Palavras-chave: RSE; Comunicação; Estratégia; Diversidade; Narrativa da marca; Storydoing.

1. Introduction

Of the innumerable meanings and definitions of Corporate Social Responsibility (CSR) that have existed since Carroll proposed the first concepts in 1979 to the present, this study starts from the concept of CSR as a limited, applied, cross-cutting strategy that aims to impact positively on the holistic management of the different operational areas of organizations and companies and the inclusion of their workers (De-la-Cuesta-González and Sánchez-Paunero, 2012). It is thus recognized as a fundamental element in a company’s interdisciplinary strategy, cutting across each organizational department (Barrio-Fraile and Enrique-Jiménez, 2021). CSR defines a way of making decisions that simultaneously involves the company’s various departments and influences the management of the organization through the application of social, environmental and economic responsibility criteria (Durán et al., 2021). Regarding the climate and labour well-being, according to Giuliani et al., it is possible to state that CSR is directly related to “policies concerned with the company’s stance to ensure the quality of life of its employees and other people” (2012, p. 25).

Currently, CSR must align with the 17 Sustainable Development Goals (SDGs) framed within the United Nations 2030 Agenda. As Barrio-Fraile et al. state, “SDGs are intended to shape public policy, foster the progress of science, mobilize non-governmental organizations and influence business practices” (2022, p.8). It is possible to state that companies develop corporate cultures committed to SDGs through corporate purpose (Mañas-Viniegra et al., 2020b).
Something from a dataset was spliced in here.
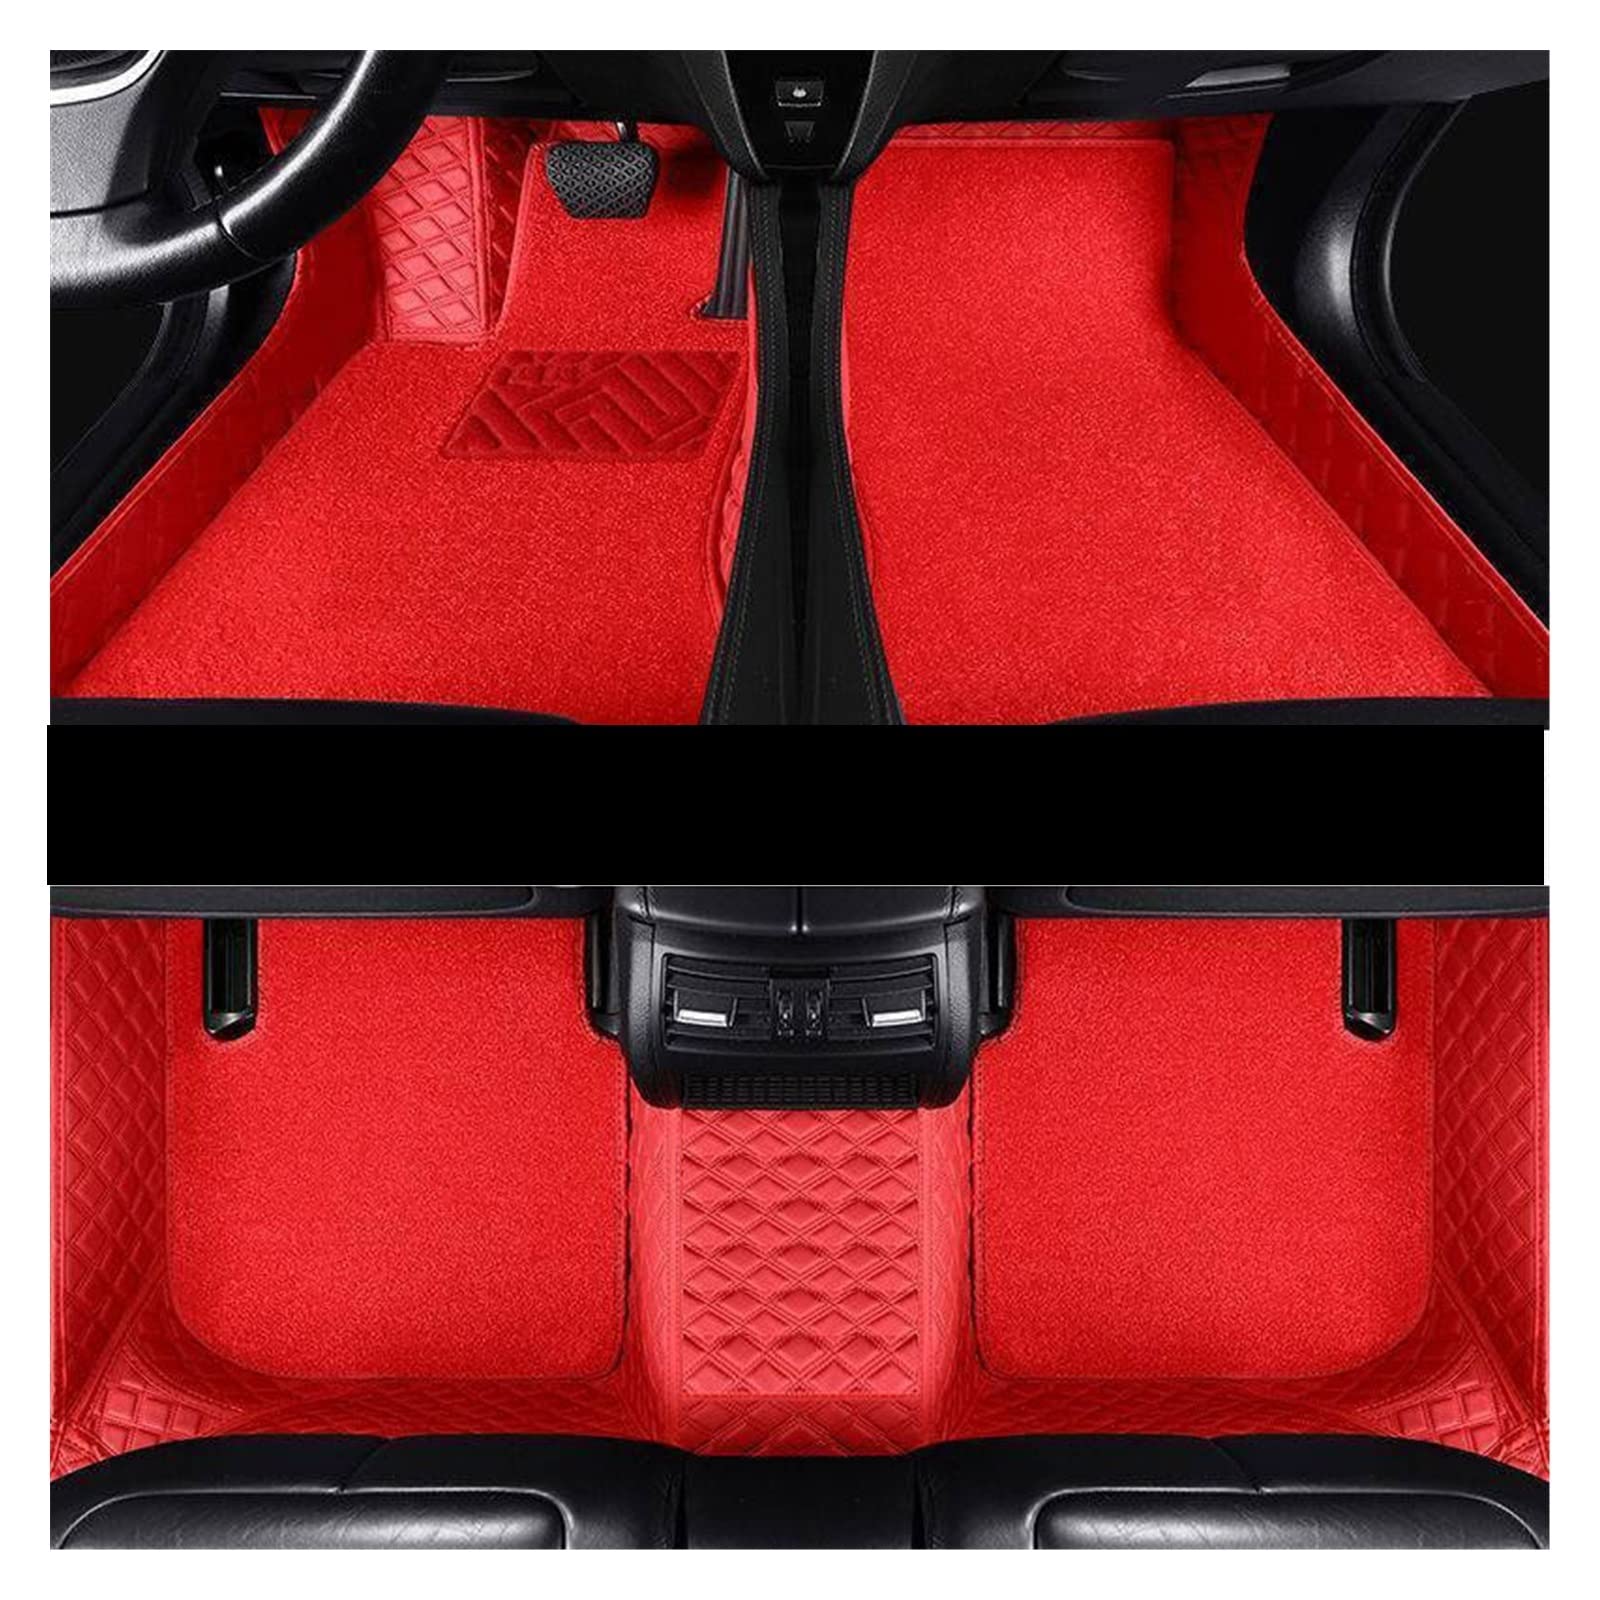 Fußmatten Für Infiniti Für Q50 2014 2015 Auto-Fußmatten Auto-Innenausstattung Teppiche Fußmatten Dash Custom Covers Kunstleder-Pads Autofußmatten(Red double) von DKPMWD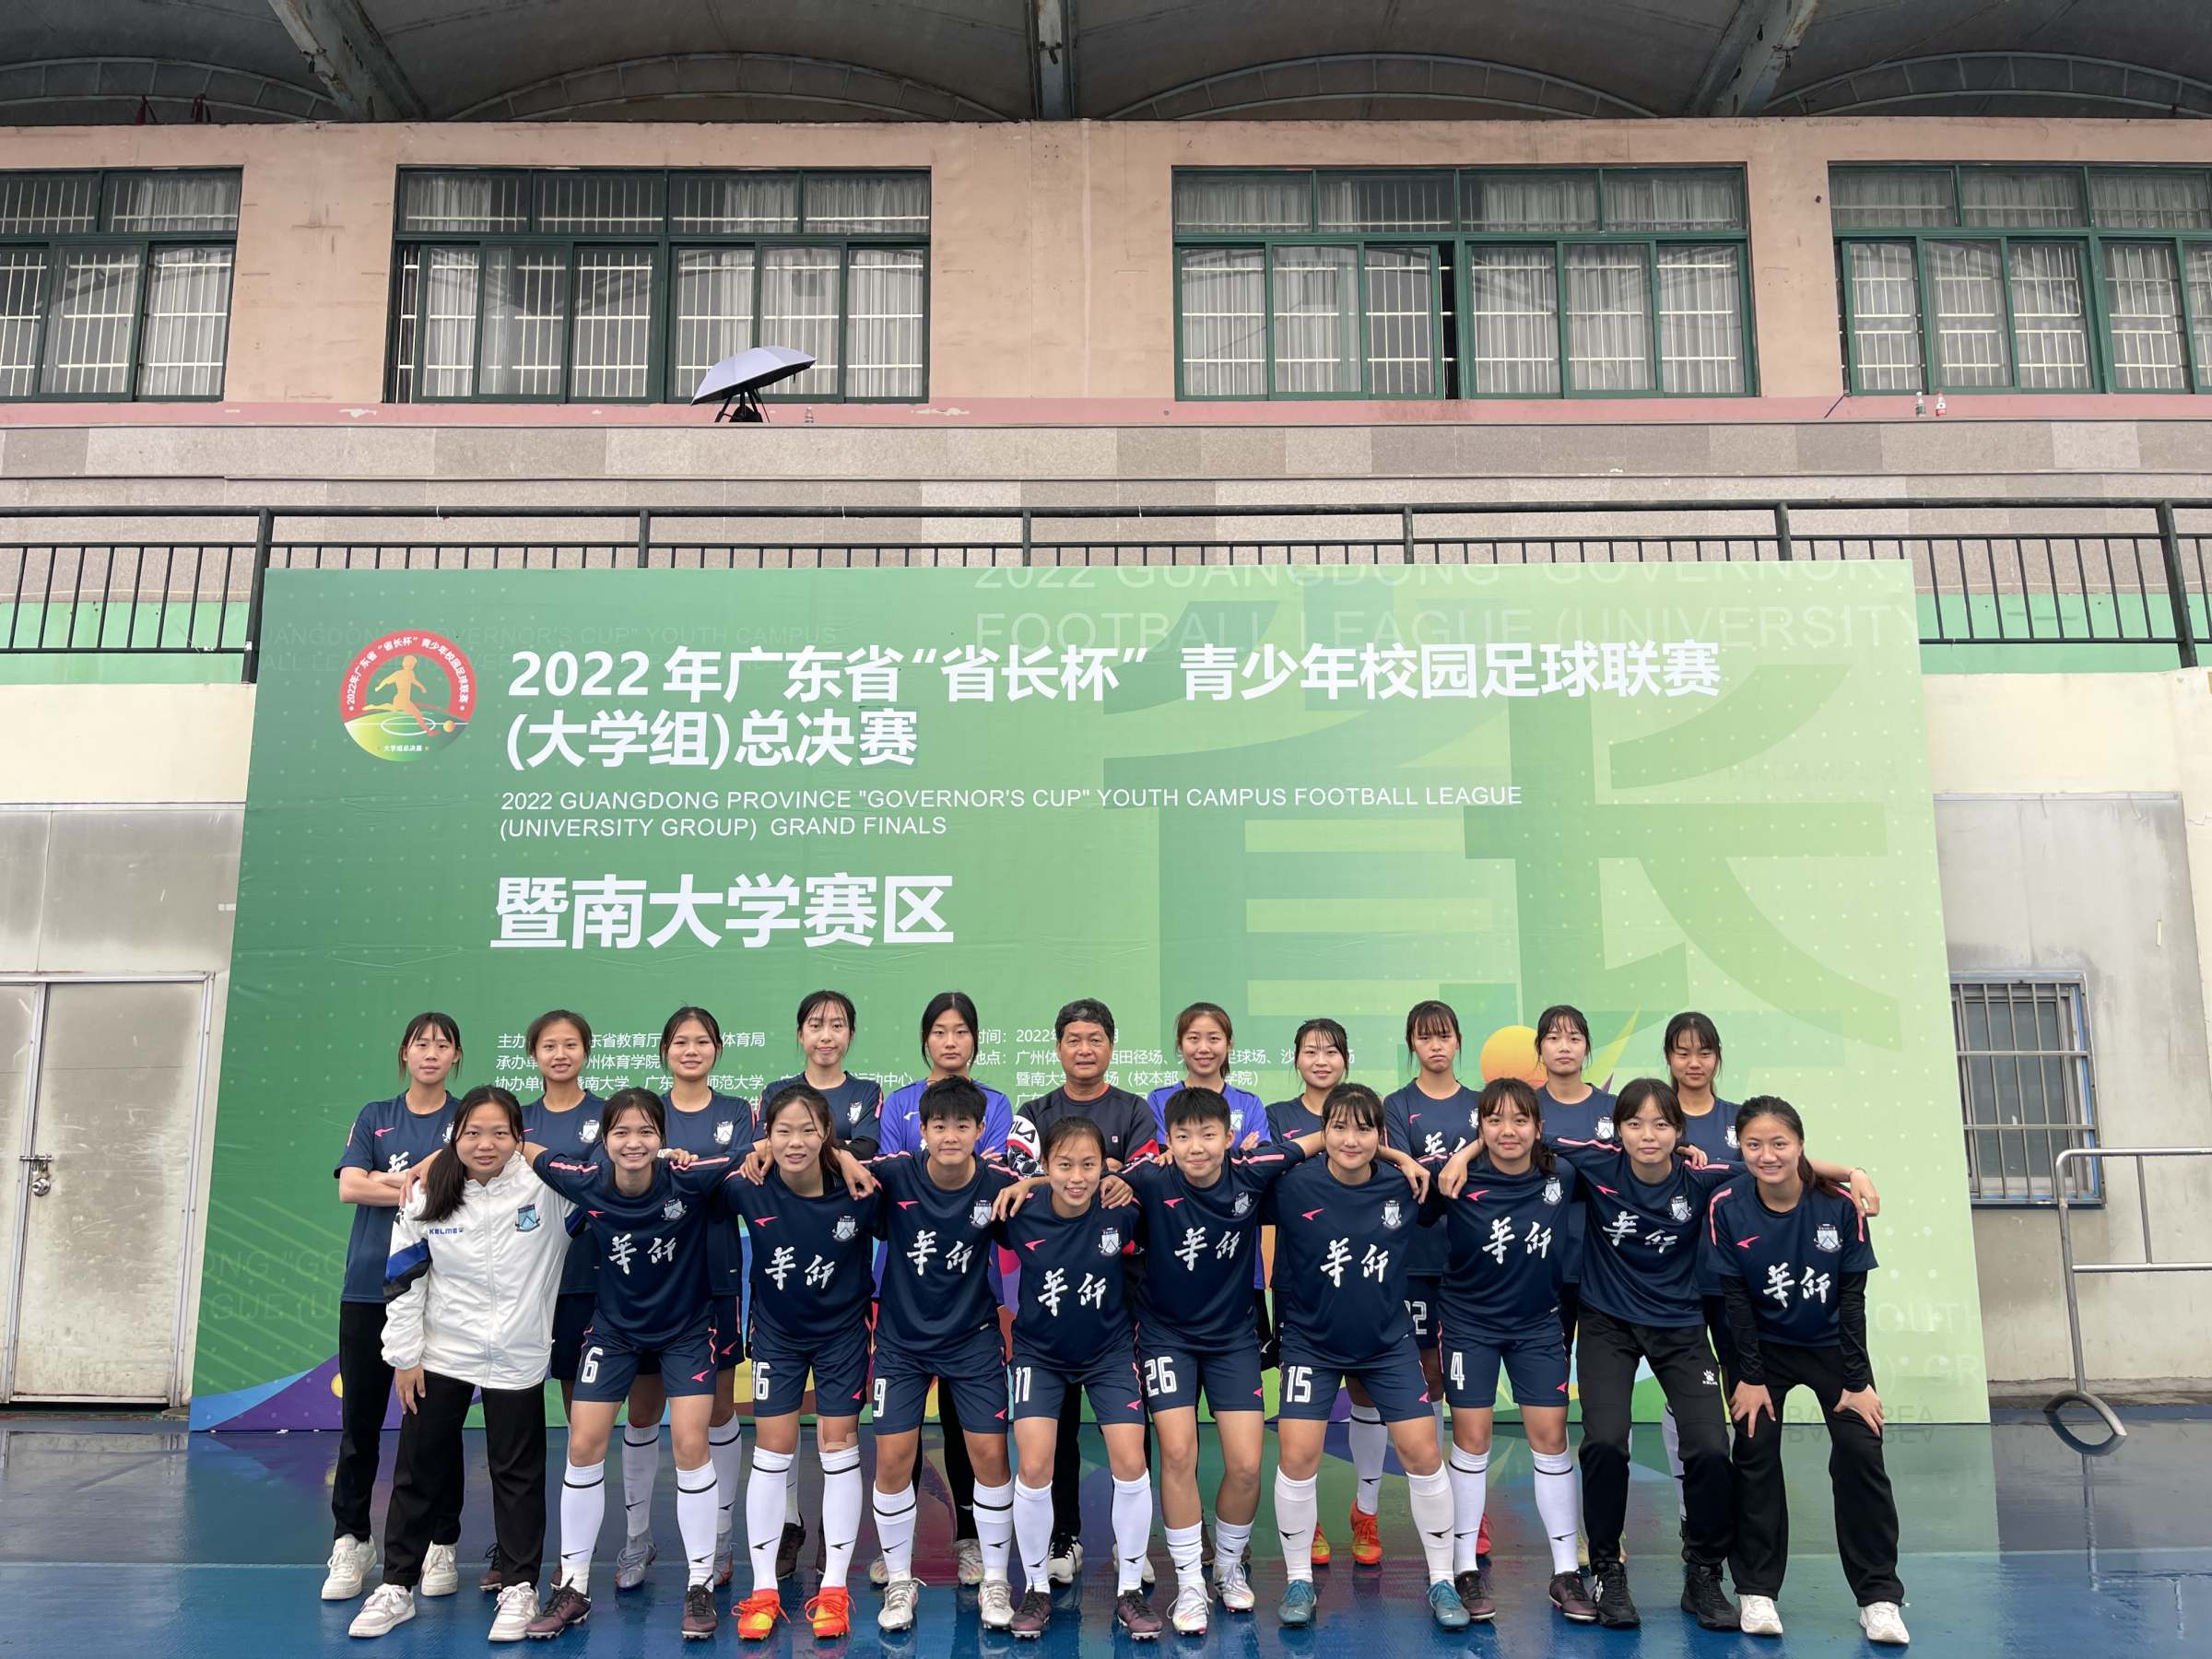 我校女子乙组足球队勇夺2022年广东省“省长杯”青少年校园足球联赛第四名

To this end, the following question is posed: How can CSR be communicated? Although enterprises must strategically convey their CSR through communication with the logical aim of progressing in the exercise of CRS to facilitate its correct application, they must also do so to optimize their relationship with their stakeholders and project their corporate reputations by adapting to the needs of their various audiences, understanding this reputation as the “consequence of a series of effective, committed relationships with various stakeholders” (García-Guardia and Llorente-Barroso, 2009, p. 25). CSR promotes the organization’s values and corporate purpose, which, according to Mañas-Viniegra et al. (2020b), makes it possible to provide a certain public benefit by solving environmental and social problems. This social application, therefore, generates interest in the brand, optimizing its visibility and developing a narrative based on truthful, verified information to achieve a real, transparent dialogue between the entity itself and its stakeholders (Babiak and Kihl, 2018; Barrio-Fraile, 2018; Durán et al., 2021).

Therefore, as with social marketing strategies and cause marketing, which refers to a company that “collaborates with a social cause in exchange for the consumer buying its products and services” (Buil et al., 2012, p.90), whether to communicate CSR or not is a now outdated issue. In this regard, researchers not only consider it necessary to communicate social commitment, but that it should be inherent to the corporate image and, as a strategic process of the business narrative itself (Freire et al., 2018), to the corporate purpose (Gartenberg et al., 2019) or to the brand purpose (Mirzaei et al., 2021).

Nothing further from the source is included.